Как многие журналисты – иначе грош нам цена, – я заранее знала, кто вошел в список городского конкурса «Человек года-2006». Среди людей известных, чьи имена действительно на слуху, был заведующий травматологическим отделением Челябинской городской больницы № 3 Виталий Дрягин, что меня очень порадовало.
Я даже приготовила маленькую речь, в которой хотела признаться, что и самой попасть в такую компанию тоже престижно. Жизнь дарит людям моей профессии удивительные встречи, и для меня лауреаты «Признания» – доктор Дрягин, учитель Попов, трубник Федоров – не только люди года, но еще и очень интересные личности, о которых я знаю, может быть, чуточку больше, чем все сидящие в зале. Кому, например, известно, что доктор Дрягин исповедует философию травмы, кто его любимая женщина, какая у него в жизни мечта?
Но в конвейерном прохождении лауреатов по сцене ответных речей по регламенту предусмотрено не было, и мои невысказанные мысли так и остались при мне.
Дрягин – разный.
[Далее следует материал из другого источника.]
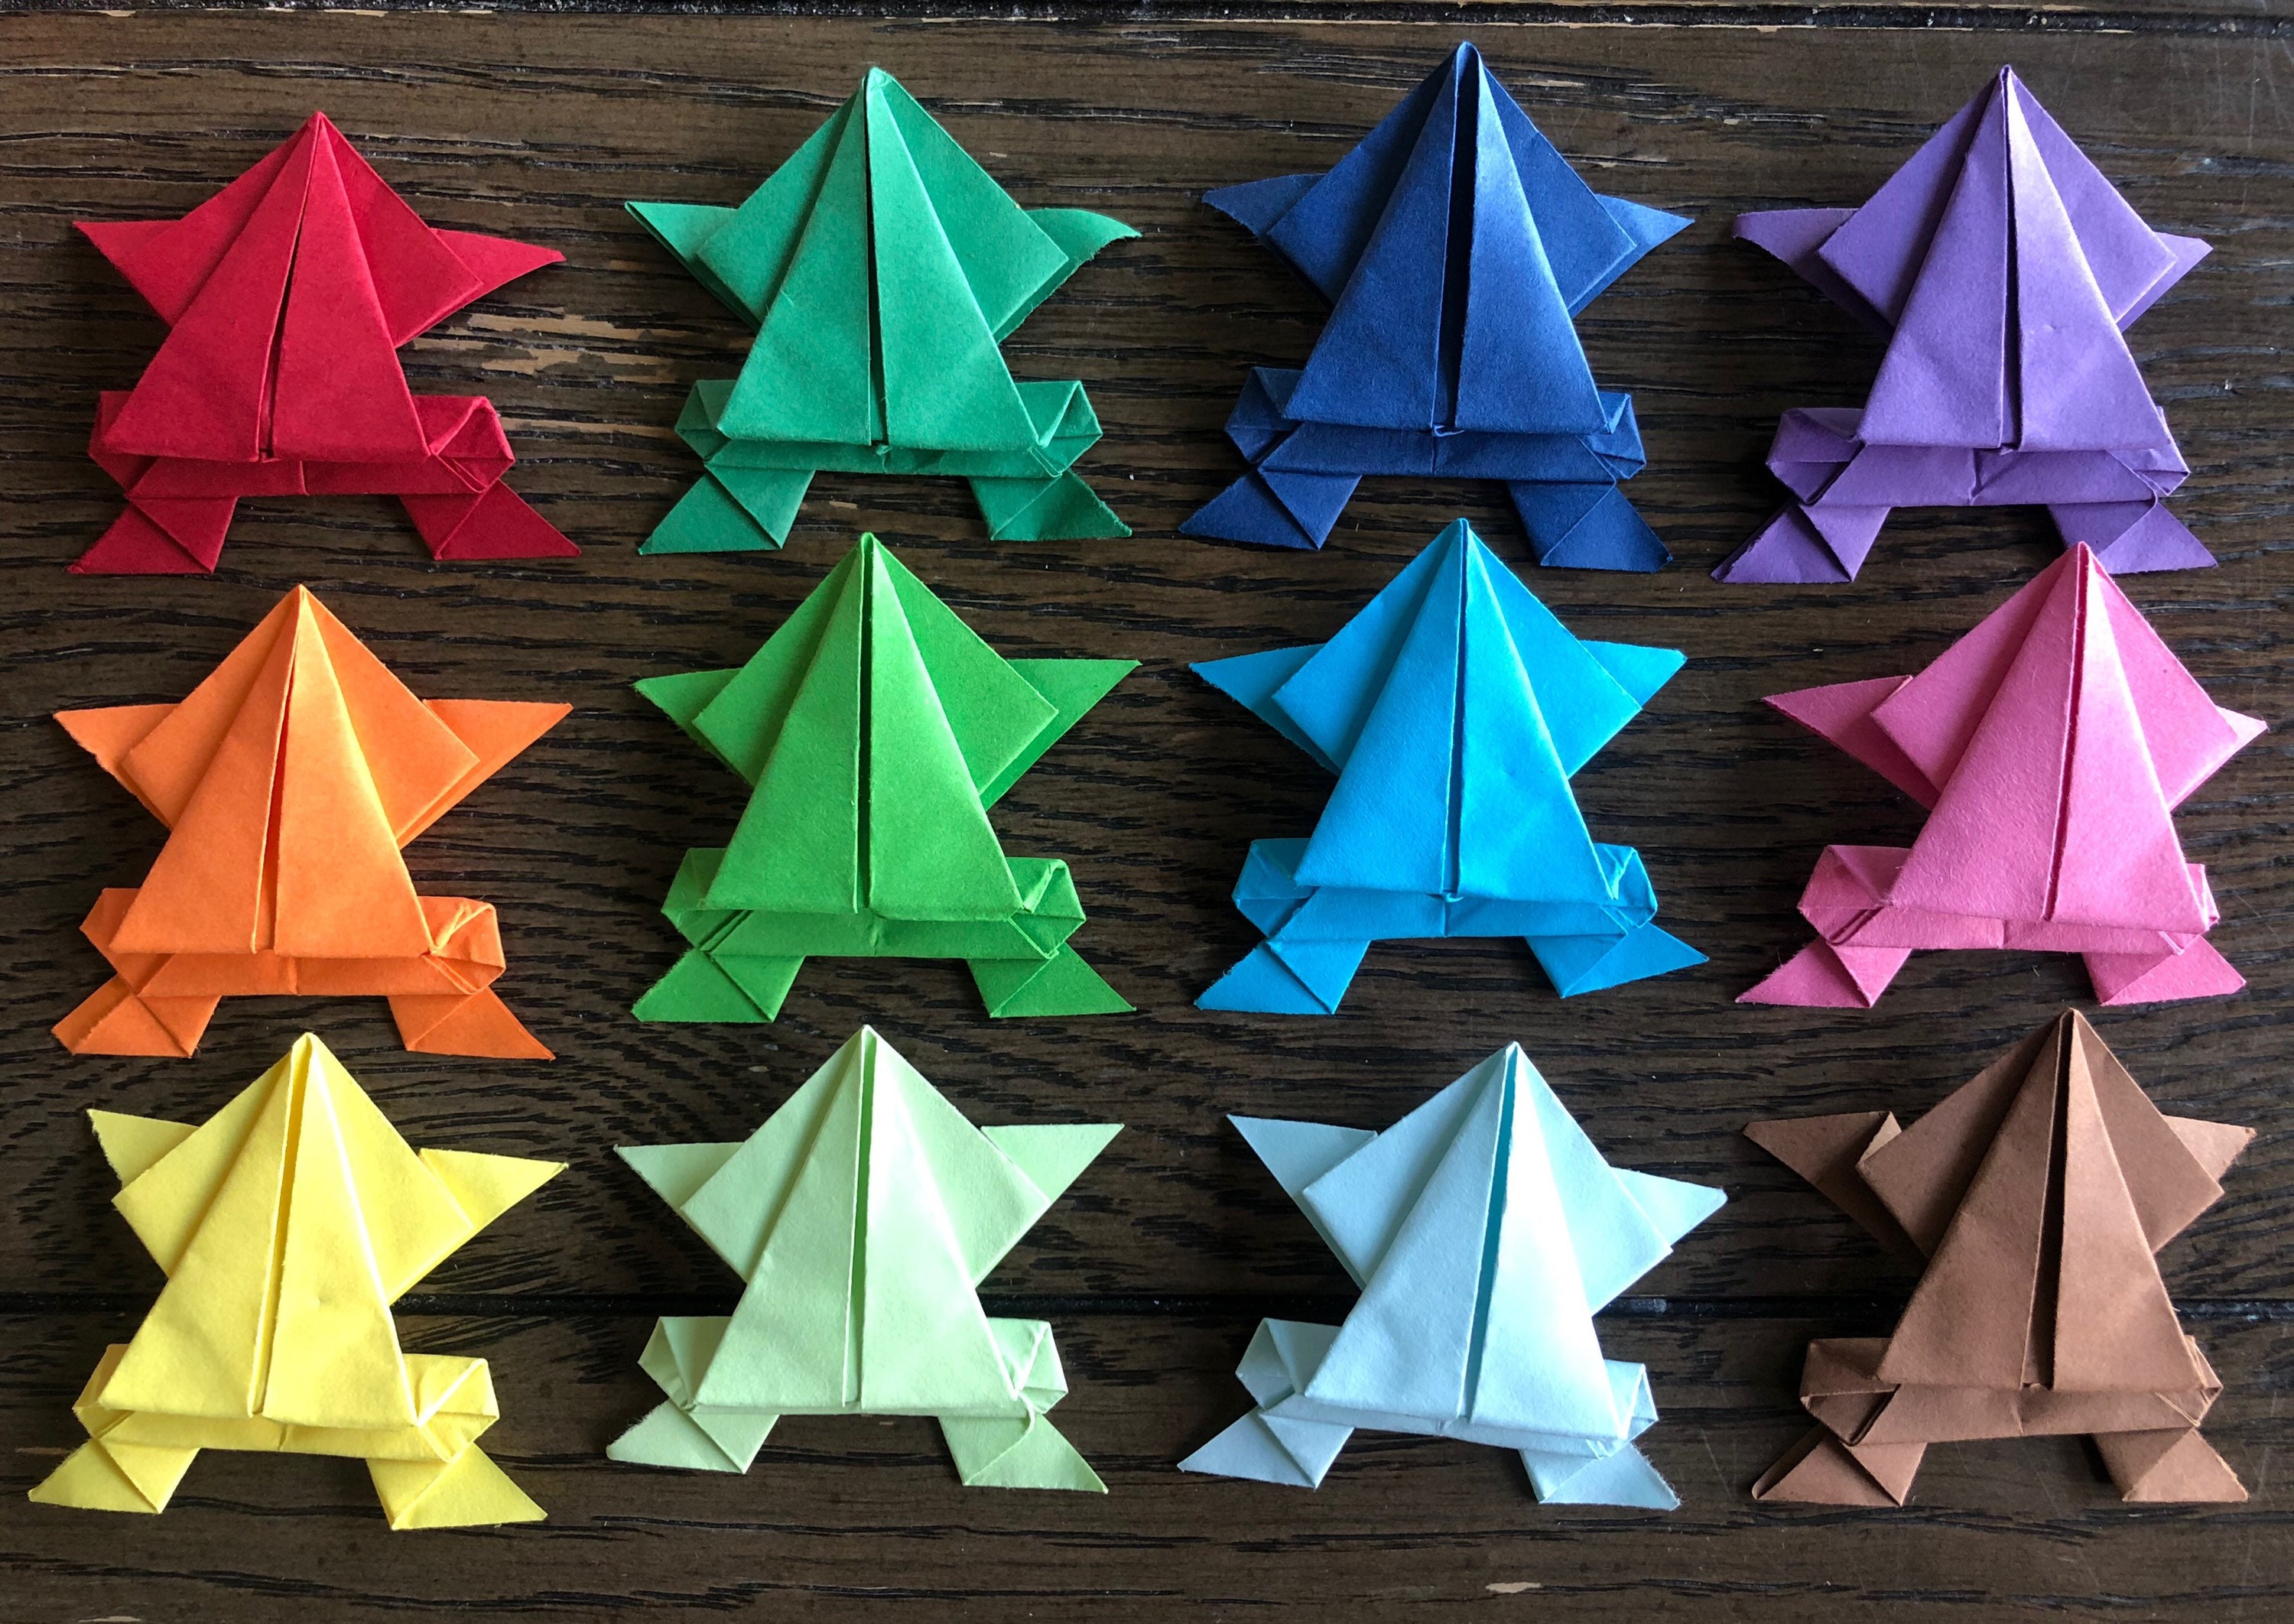 Two-tone Origami Paper, Square Folding 24pc Multi Color/pack

На церемонии – серьезный, закрытый, неулыбчивый. Сразу видно: рисоваться не любит. В больнице – всегда занятый, уверенный, деловой, быстрый. К нему обращаются каждую минуту, телефон не умолкает, он реагирует на всё, мгновенно принимает решения.
Его время сконцентрировано и дорого. Часто в семь утра он уже в больнице и задерживается до ночи. В нашу первую встречу Виталий Геннадьевич, как истинный хирург, для которого важны диагноз и план операции, строго спросил: «Чем обязан?» и «Каков план нашей беседы?» Причина была банальной: «О замечательном докторе, золотых руках, добром сердце» попросили написать его бывшие многочисленные пациенты, которых он поставил на ноги. Сложнее было с «планом беседы», которого у меня, признаюсь, не было. Я просто задала Виталию Геннадьевичу «первый вопрос» о травматологии. Часа полтора Виталий Геннадьевич отвечал, и было ясно, что понятия времени, когда речь о любимой профессии, для него не существует.
– Виталий Геннадьевич, почему все же травматология – одна из самых тяжелых областей медицины, где, порой, человека собирают по кусочкам, по косточкам, когда жизнь на волоске? Это же с ума сойти можно…
– Можно, но пока никто не сошел. А теперь представьте, как после всего этого ваш больной встает сначала на костыли, потом возьмет палочку и начнет ходить на своих ногах. Вот она – компенсация нашей профессии. К этому невозможно привыкнуть.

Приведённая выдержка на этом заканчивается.